▸ **DATASET SECTION**:
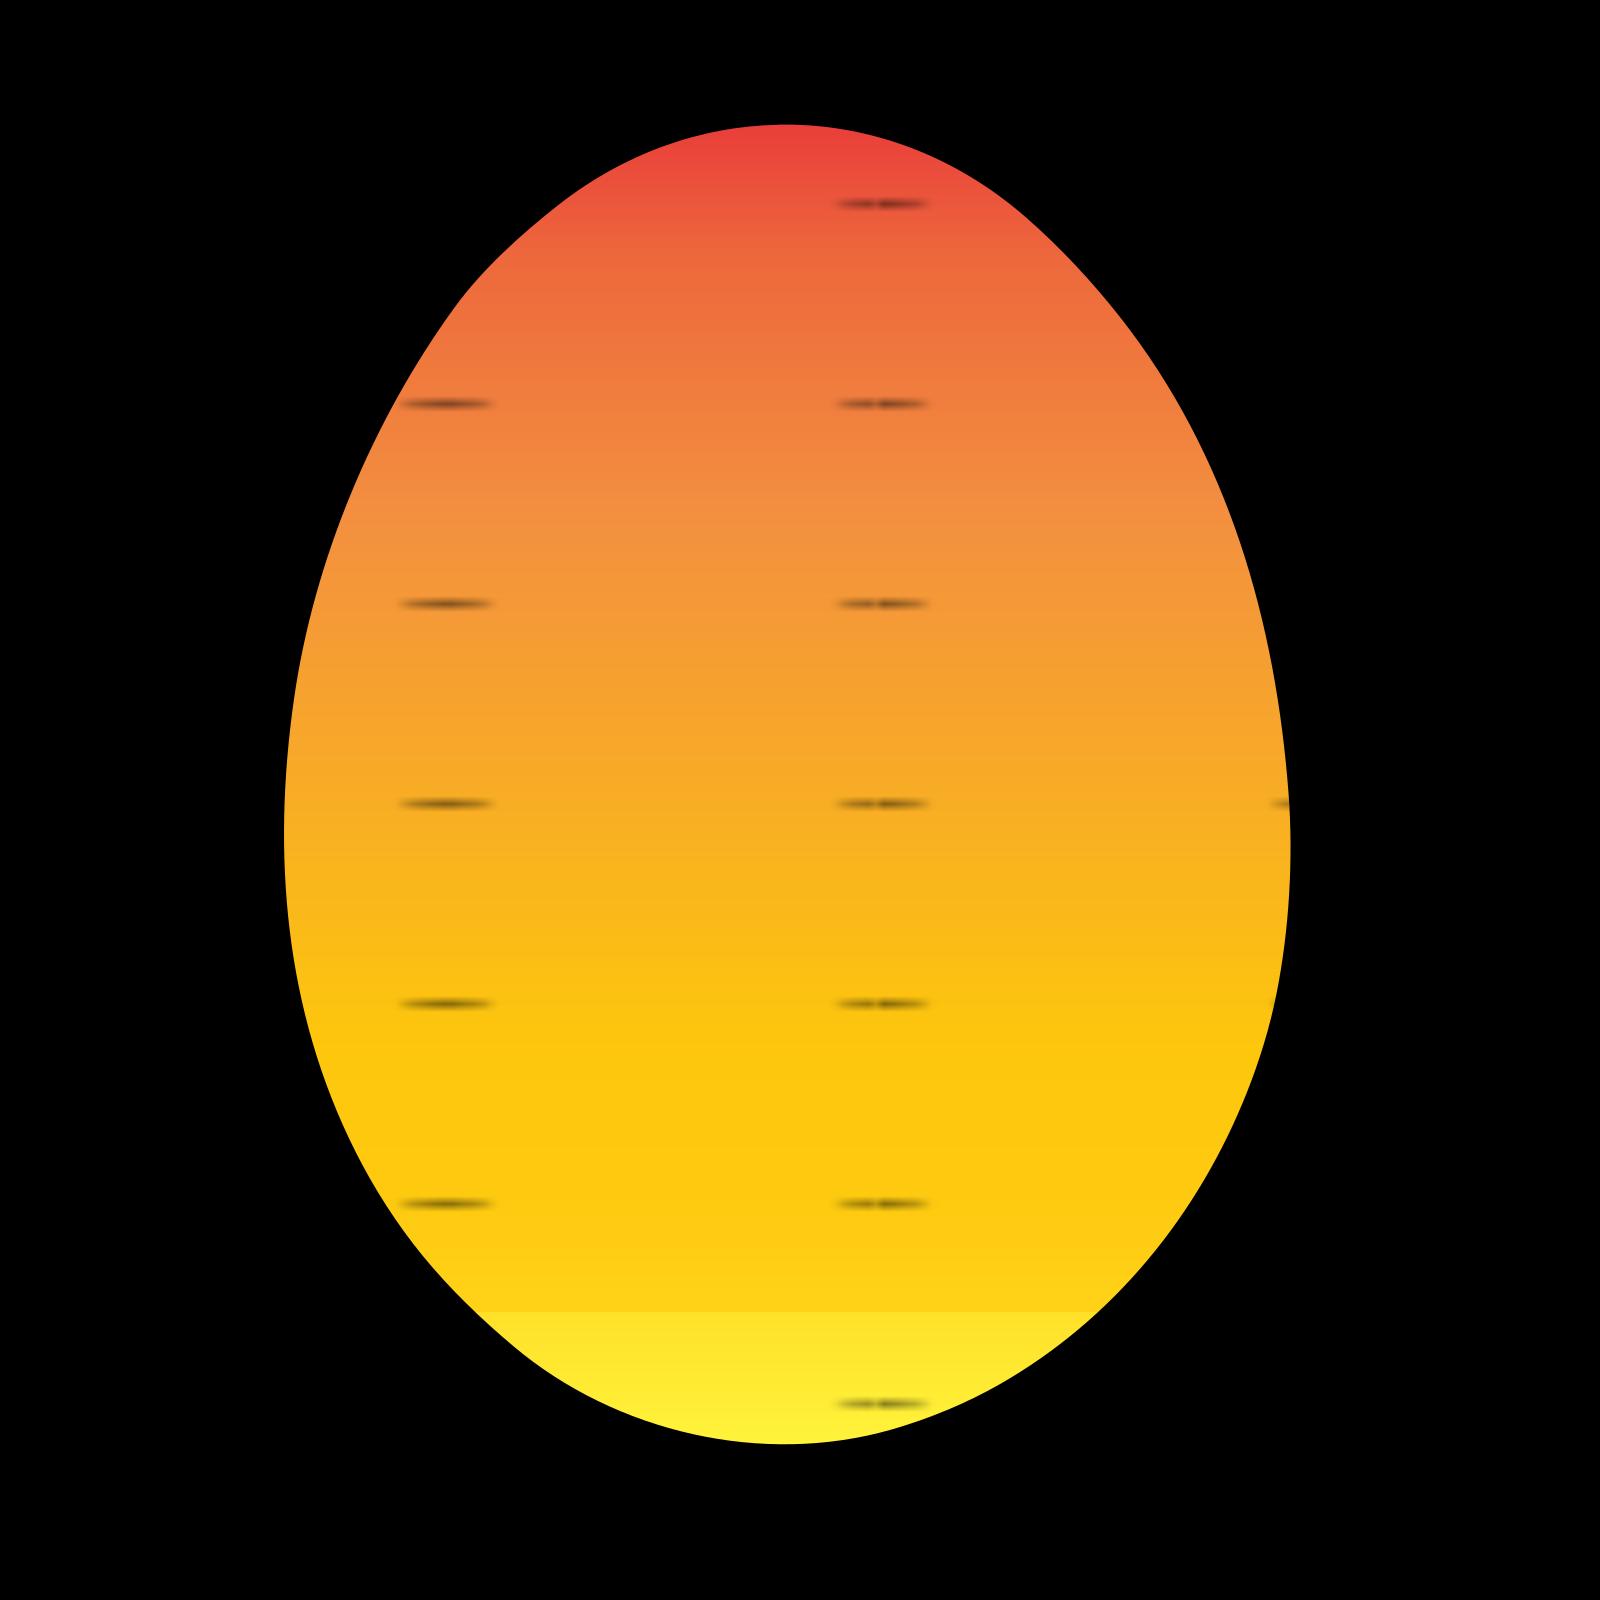 Brown Egg SVG Clip arts
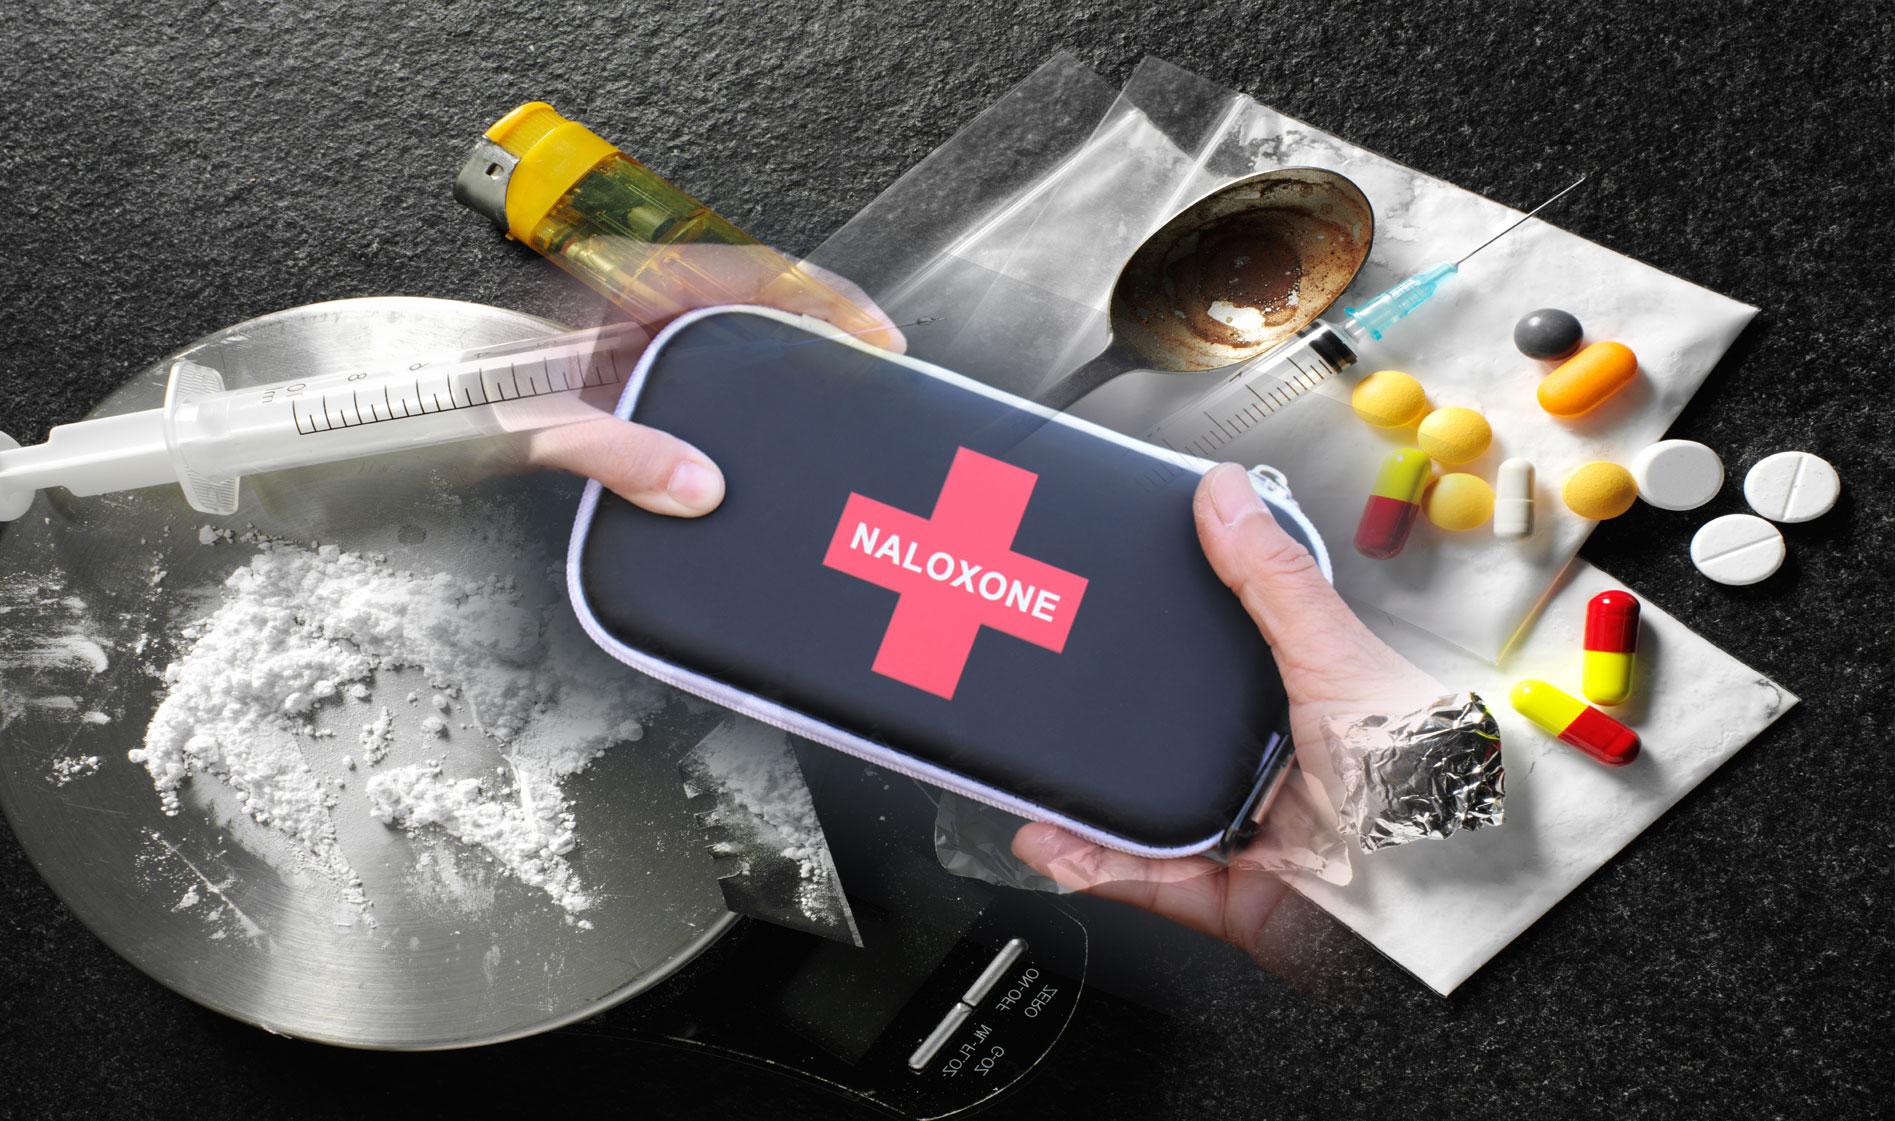 Naloxone kit and drugs
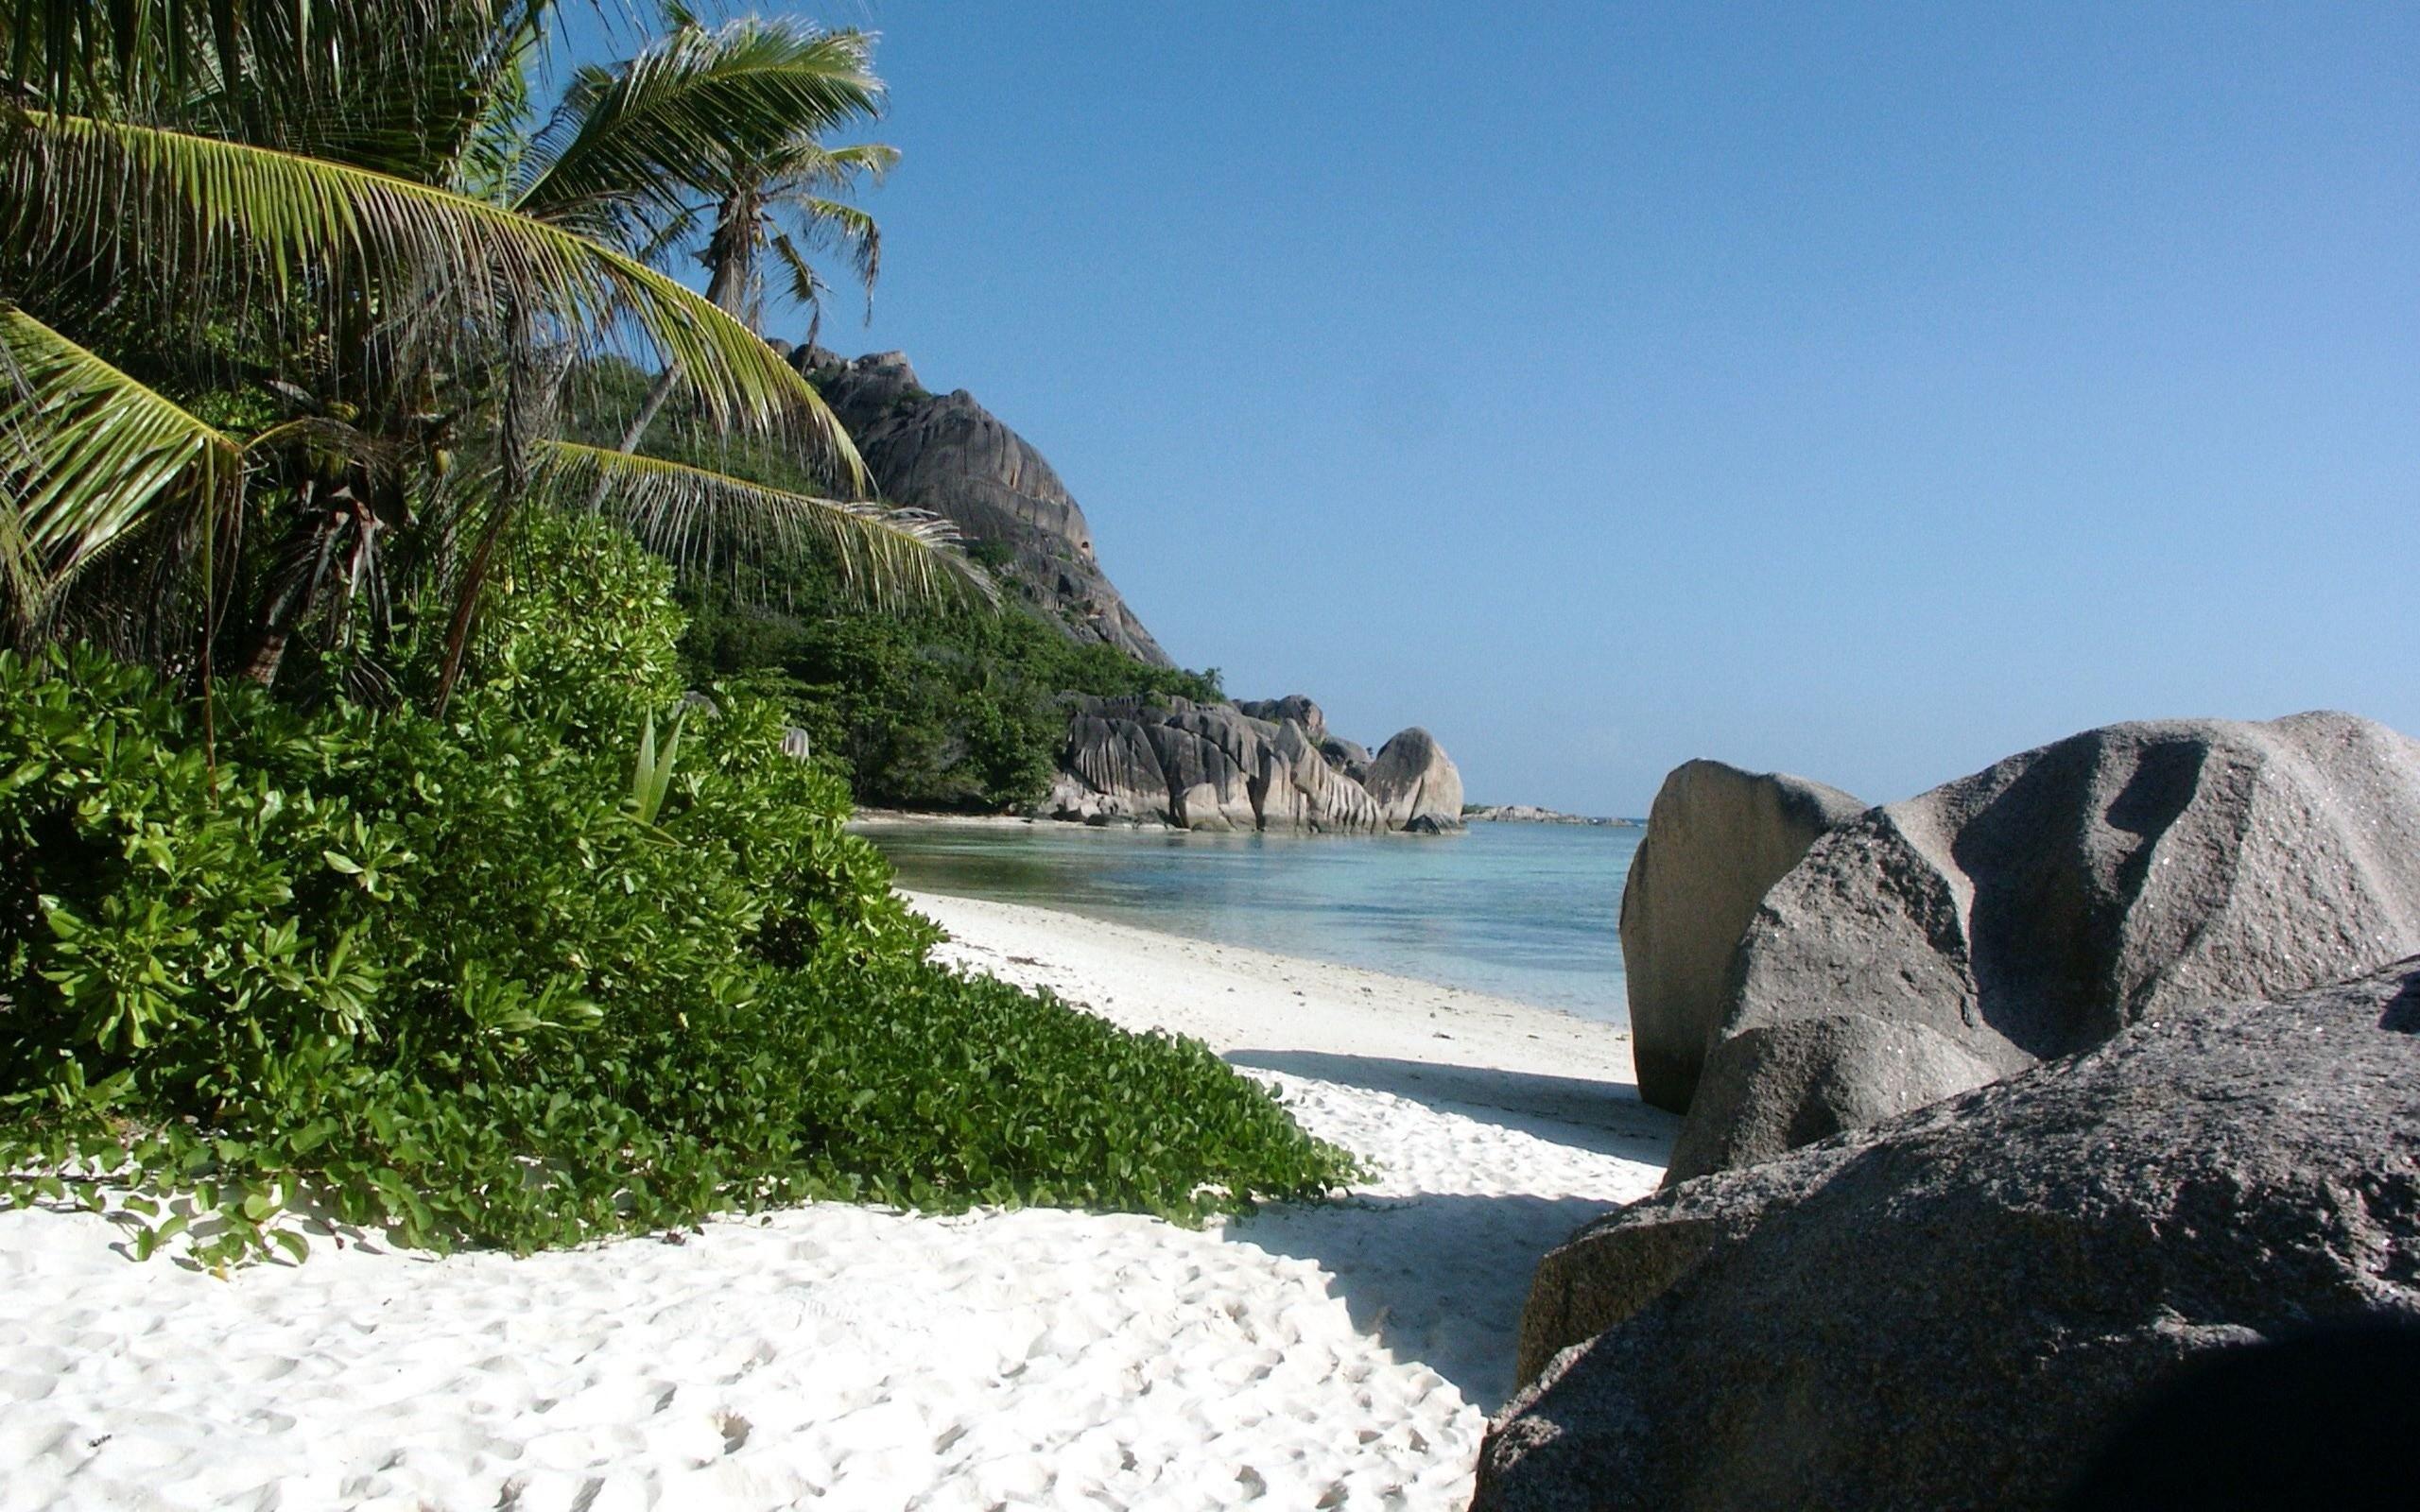 того, как фото тропических берегов два десятка

▸ **TRY IT**: Pictures aside, reproduce all of the material above without alteration.

▸ **SOLVED EXERCISE**:
 Brown Egg SVG Clip arts
 Naloxone kit and drugs
 того, как фото тропических берегов два десятка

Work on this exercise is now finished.